You can only have one per protocol per function,
choose wisely.
The address was chosen in particular,
because hard coding google endpoints into source is as evil
(or rather, no longer "don't be evil")
as it gets.
### ?
If one asks a C programmer
"can the ternary operator be used to conditionally declare a (const) variable"
even if he never needed to use it,
he will instinctively answer yes.
Yet,
no one seems to ever state this -truth be told, rare times, but- very useful feature.
Instead, its main purpose is to serve as premature formatting.
While the functionality is not cursed,
the poor operator itself seems to be.
### Nested functions
You would be surprised to know how popular these things used to be in the past.

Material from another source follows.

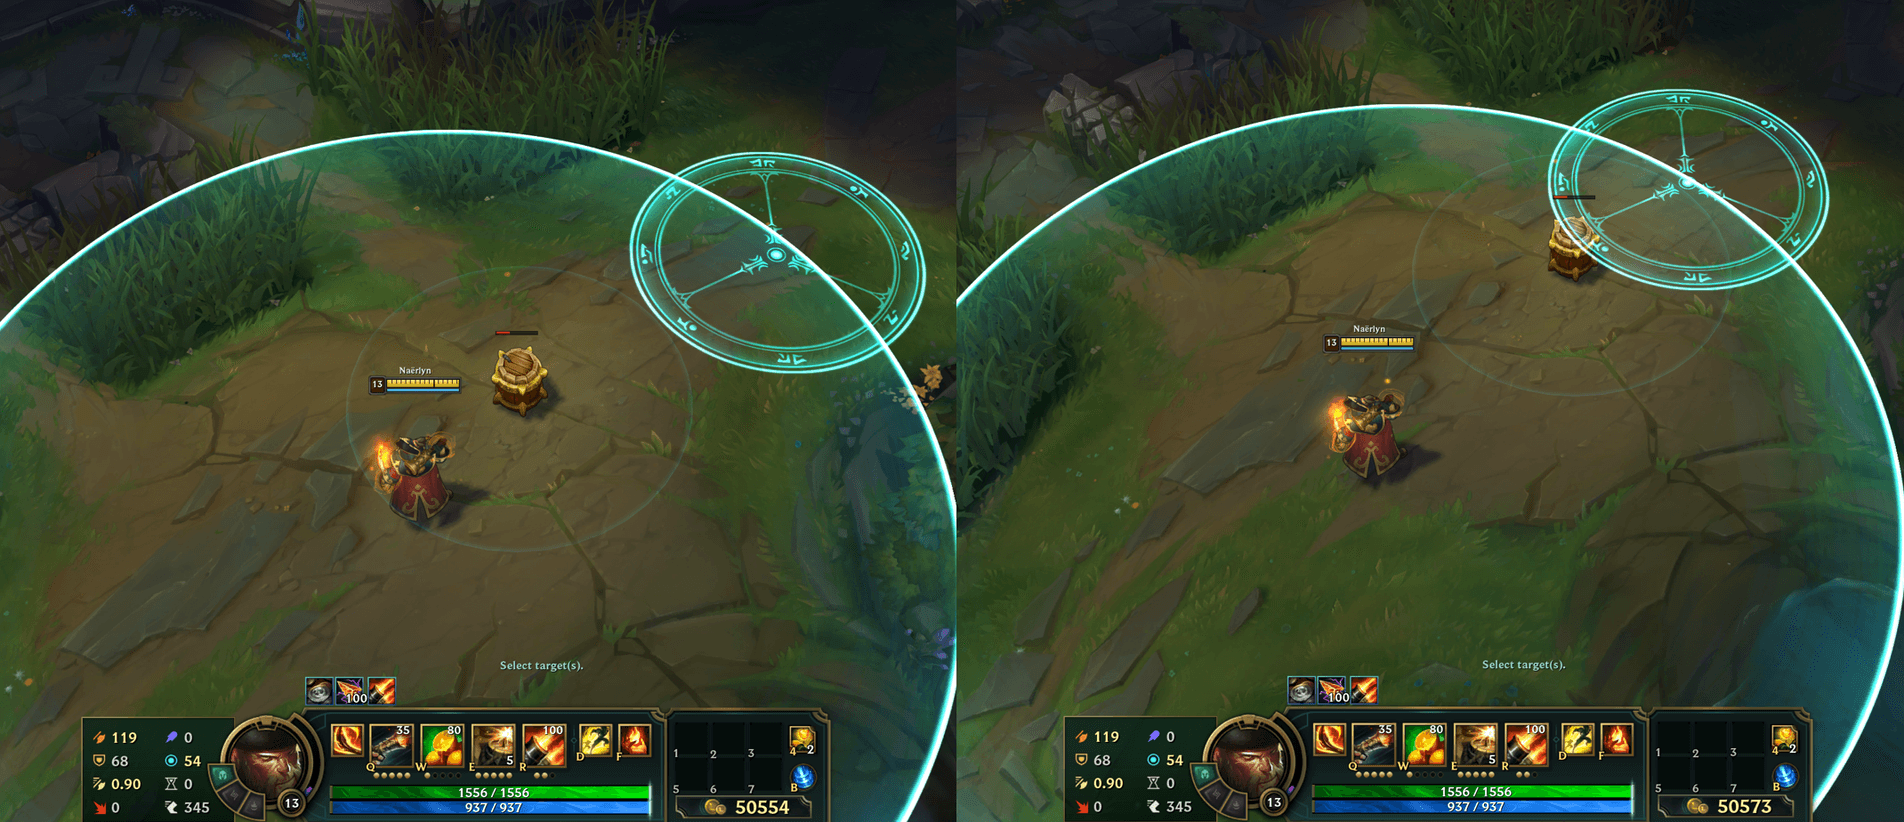 Comparing the range for different gangplank combos

And I'm not talking about C in particular.
> In the case of nested procedures, the scope rules permit, for example, the definition
> of a procedure to include the definition of subsidiary procedures without concern for
> interference with other global procedures. This capability facilitates writing pro-
> cedures and often simplifies their usage.
>
> -- David R. Hanson; Is Block Structure Necessary? (1981)
Yet,
they have fallen out from the public's taste so much that C++ disallows it.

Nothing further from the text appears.